BATON ROUGE — Two Republicans, U.S. Rep. Charles Boustany and retired Air Force Col. Rob Maness, have formalized their plans to run for U.S. Senate in Louisiana, filing federal paperwork for their campaigns.
Boustany, a doctor who has represented southwest Louisiana in Congress since 2005, and Maness, who ran unsuccessfully for the U.S. Senate last year, have entered their candidacy statements with the Federal Election Commission.
The 2016 election will determine who takes the Senate position being vacated by Republican David Vitter.
Boustany has been an influential member of Louisiana’s congressional delegation, allied with the leadership rather than the tea party contingent of the GOP. Most recently, he was named chairman of the Ways and Means Committee’s tax policy subcommittee.
Maness, a political newcomer when he ran in 2014, came in third for the Senate seat won by Republican Bill Cassidy, who defeated Democratic incumbent Mary Landrieu. While his grassroots campaign attracted solid support, Maness couldn’t overcome a fundraising deficit and the GOP’s backing of Cassidy.
Maness is expected to continue his tea party-based approach of criticizing the Washington establishment. Most recently he’s been running a political action committee called GatorPAC, which supports conservative candidates.
“It is clear to me that Louisiana needs a constitutional conservative and fighter in the United States Senate,” Maness said in a statement Wednesday saying he was creating an “exploratory committee” for the race.
“My broad national security and leadership experience is a skill set sorely needed by our state to protect our citizens, and my commitment to principle is what’s needed to fight the Washington Cartel,” he said.
The competition for an open Senate seat is expected to attract several contenders.

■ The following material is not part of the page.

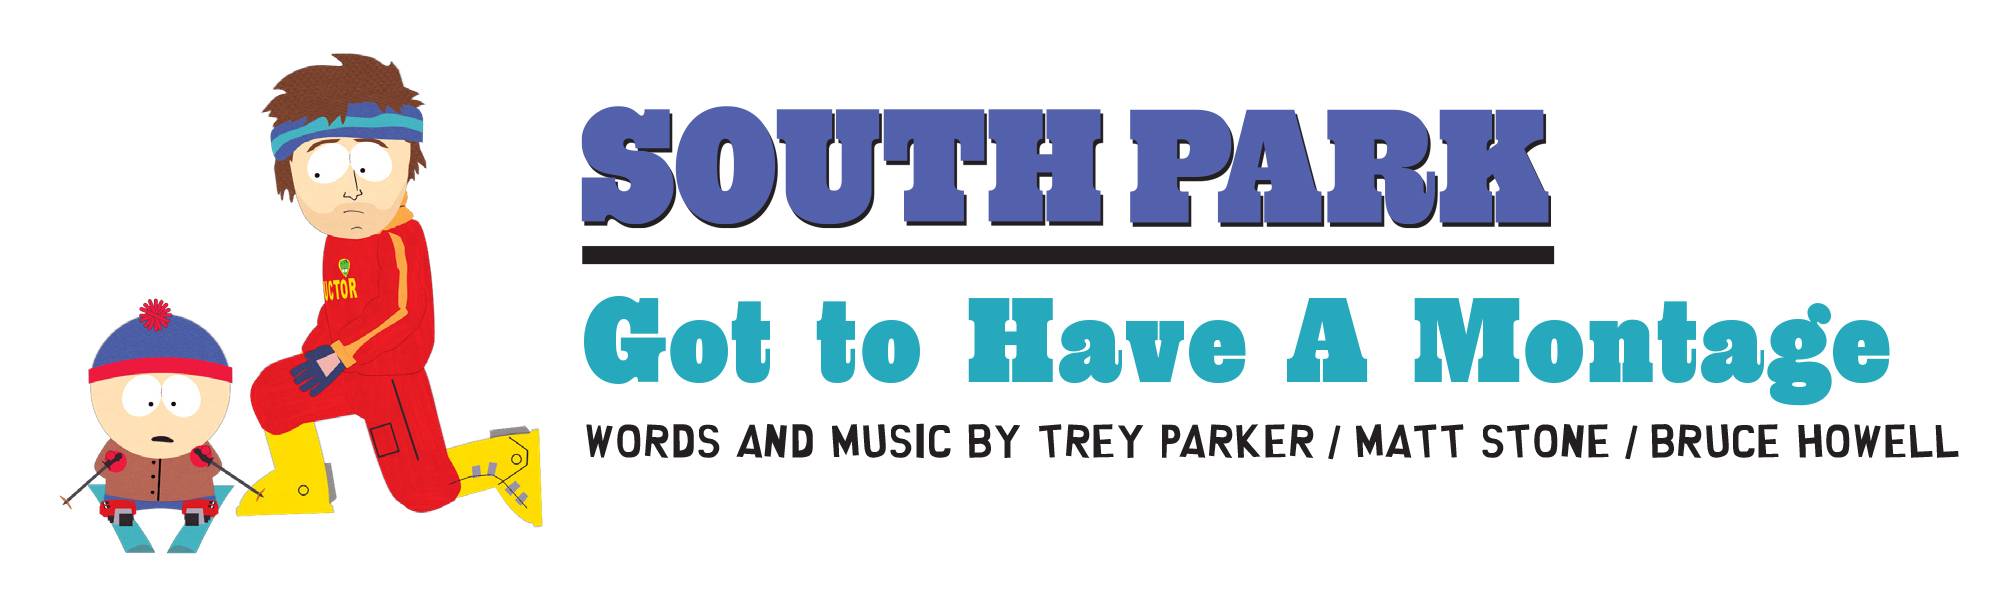 South Park on X: Enter for a chance to win the South Park 25th Anniversary  Concert Sweepstakes! One lucky fan will win two tickets to the South Park  25th Anniversary Concert at

Republican U.S. Rep. John Fleming, who represents northwest Louisiana, announced his candidacy earlier this week, with a video posted to his campaign website. Boustany has said he will do a formal announcement soon in his hometown of Lafayette.
Several other GOP politicians are eyeing the job, including Treasurer John Kennedy and Public Service Commissioner Scott Angelle, who ran third in the governor’s race this year.
Maness has little money left in his campaign account after the 2014 race, only $27, according to his latest FEC report. Fleming’s recent fundraising report showed more than $2.3 million cash on hand for a campaign, while Boustany reported nearly $1.5 million.
Vitter decided against seeking a third term after losing the Louisiana governor’s race.
Democratic candidates have been slower to emerge for the race. New Orleans Mayor Mitch Landrieu has said he won’t run for the Senate seat.